PZN nie chce Horngachera ?

Decyzja co do osoby nowego trenera skoczków ma zapaść 28 marca. Według słów działaczy PZN w grę wchodzi zarówno szkoleniowiec z zagranicy jak i z Polski. Jednaże fakty, a także niektóre wypowiedzi prezesów Tajnera i Wąsowicza wskazują na to, że decyzja już zapadła a opcja zagraniczna nie była ani chwili poważnie rozpatrywana. Po decyzji Berniego Schoedlera o pracy w Rosji i braku propozycji dla Tommiego Nikunena w Planicy, na placu boju pozostali już tylko Łukasz Kruczek, Piotr Fijas i Austriak Stefan Horngacher.


Jednak jak mówi ten ostatni, chęć jakiejkolwiek rozmowy występuje tylko z jego strony. To on sam zadzwonił do PZN. Tego samego dnia, w którym ogłoszono, że związek nie przedłuży umowy z Hannu Lepistö, wyraził chęć powrotu do Polski. Chęć pozostaje wciąż bez odzewu.

"Nikt ze związku do mnie nie dzwonił" - powiedział wczoraj polskim dziennikarzom Horngacher. "Próbowałem skontaktować się z prezesem Tajnerem, ale nie odpowiadał na telefony" stwierdził Austriak. "Miałbym sporo do zaoferowania, w czasie dwuletniej pracy z waszą kadrą B czułem się w Polsce świetnie. Znam system, zawodników, mam pomysły. Ale na razie wygląda na to, że nie jestem poważnie brany pod uwagę. Nie poddaję się jednak, będę jeszcze dzwonił do prezesa" dodał.

***

Stefan Horngacher urodził się 20 września 1969 w Woergl w Tyrolu. Pierwsze punkty Pucharu Świata zdobył w 1989 roku. Po raz pierwszy stanął na podium w 1991 roku podczas Turnieju Czterech Skoczni, gdzie w Garmisch Partenkirchen zajął 3 miejsce. W klasyfikacji Turnieju uplasował się na 5 pozycji. Jeszcze w tym samym sezonie zaliczył pierwsze zwycięstwo podczas lotów narciarskich w Bad Mittendorf. W końcowej klasyfikacji Pucharu Świata znalazł się tuż za podium, na 4 miejscu.
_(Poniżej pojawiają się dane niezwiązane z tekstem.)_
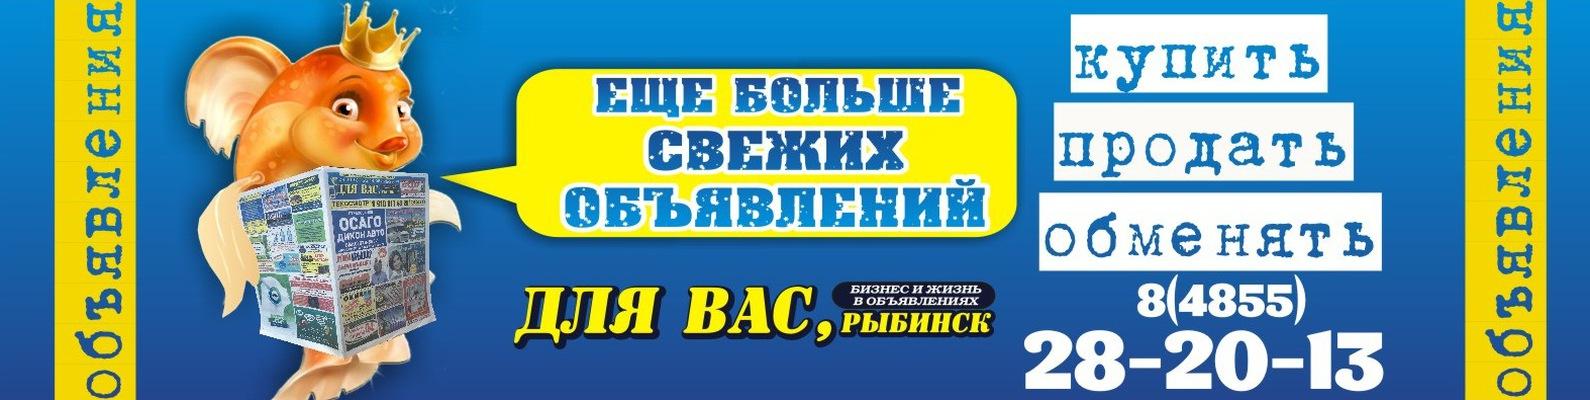 Подать объявление все для вас рыбинск газета давай хабаровск дать объявление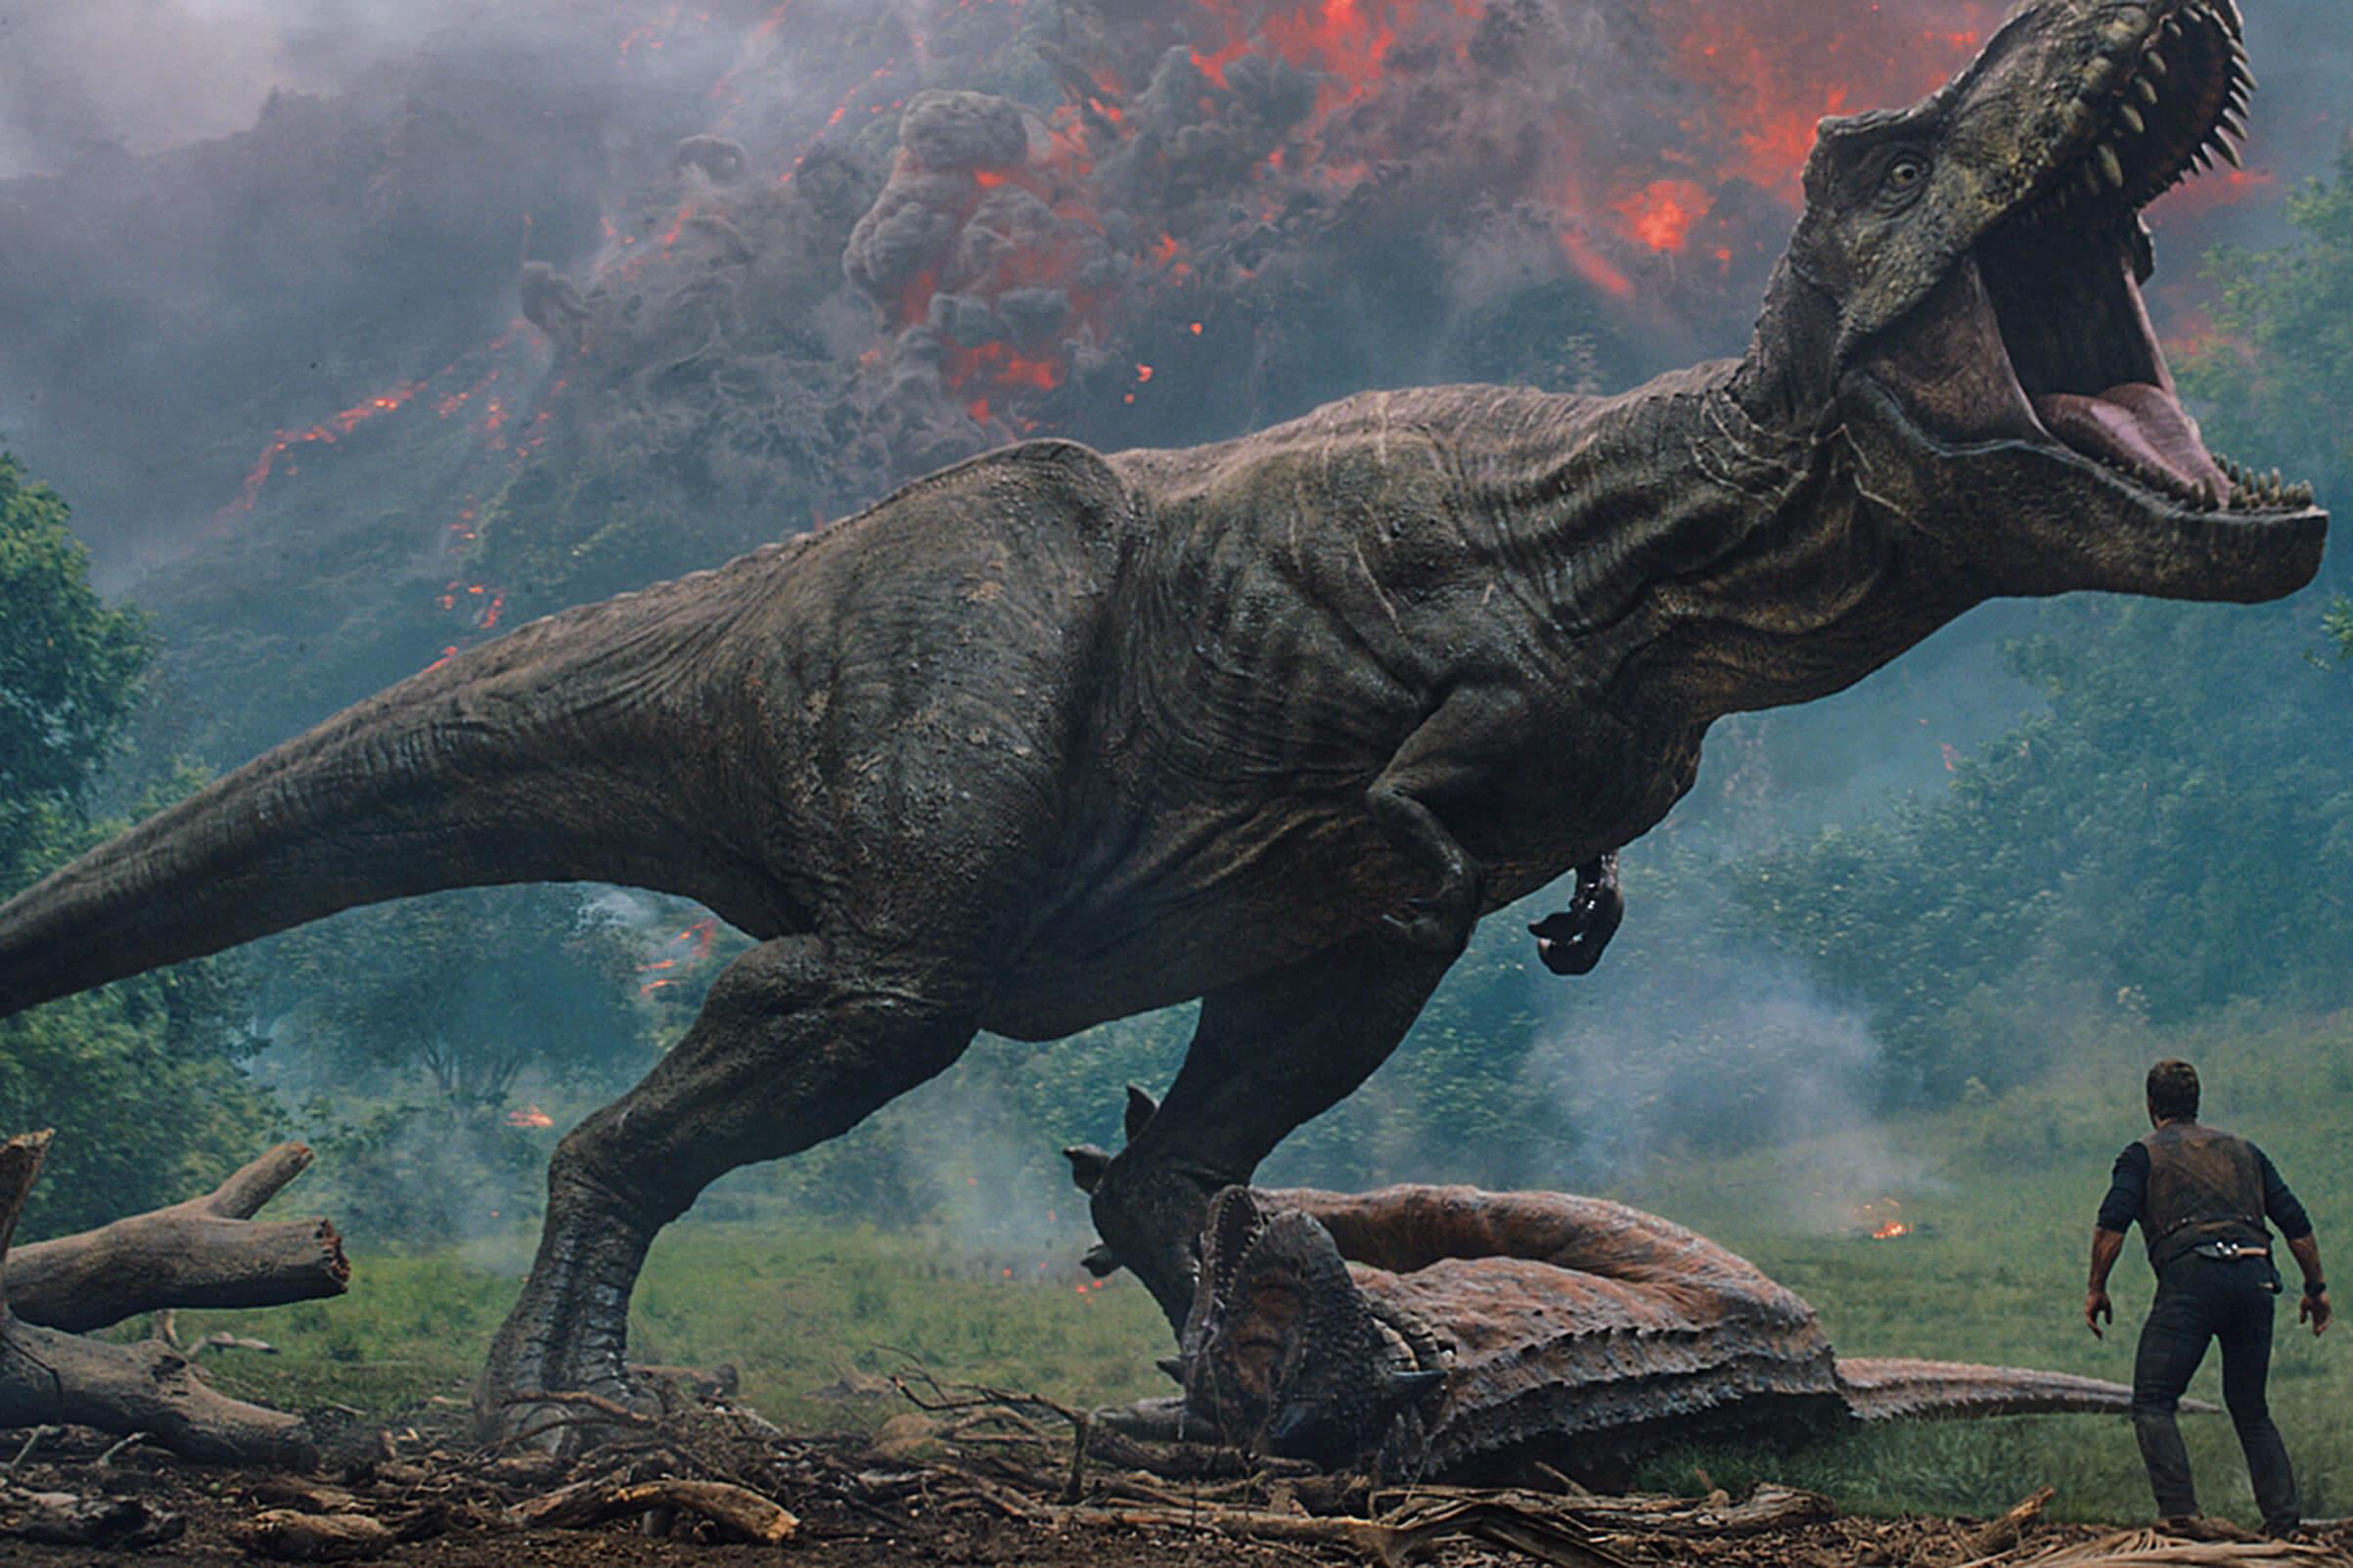 《侏羅紀公園》《侏羅紀世界》系列中的暴龍 Rexy 的真名終於公開!

Jego największymi sukcesami było 4 miejsce w Pucharze Świata w 1991 oraz czwarte miejsce na Mistrzostwach Świata w narciarstwie klasycznym w Lahti w 2001. W swojej karierze wygrał zaledwie 2 konkursy zaliczane do Pucharu Świata, jednak zawsze był pewnym punktem reprezentacji Austrii. Z drużyną zdobył 2 medale olimpijskie i 5 na MŚ.

Karierę skoczka zakończył po udanym dla siebie sezonie 2001/2002 i został asystentem ówczesnego trenera reprezentacji Austrii - Hannu Lepistö. W zakresie jego obowiązków był dobór sprzętu oraz analiza fazy lotu i wybicia. W pierwszym roku jego pracy drużyna Austrii odnosiła wielkie sukcesy wygrywając konkursy Pucharu Świata i triumfując w Pucharze Narodów. W drugim sezonie Austriakom wiodło się gorzej.

Gdy Fin został zwolniony, odszedł wraz z nim i przyjął propozycję pracy w Polskim Związku Narciarskim. O ściągnięcie swojego byłego kolegi z drużyny do Polski zabiegał także Heinz Kuttin, który wtedy był trenerem naszej kadry młodzieżowej. Gdy Kuttin przejął kadrę A w sezonie 2004/2005, Stefan objął funkcję pierwszego trenera kadry B, która wywalczyła srebrny medal na Mistrzostwach Świata Juniorów w Rovaniemi. Nie licząc Adama Małysza, o sile dzisiejszej reprezentacji (lub jej braku) decydują ci zawodnicy, z którymi współpracował gdy byli juniorami - Kamil Stoch, Piotr Żyła czy Stefan Hula. Z Polski odszedł wraz z Kuttinem. Od sezonu 2005/2006 szkoli niemiecką młodzież w Hinterzarten. W tym sezonie prowadził również byłą gwiazdę niemieckich skoków - Martina Schmitta.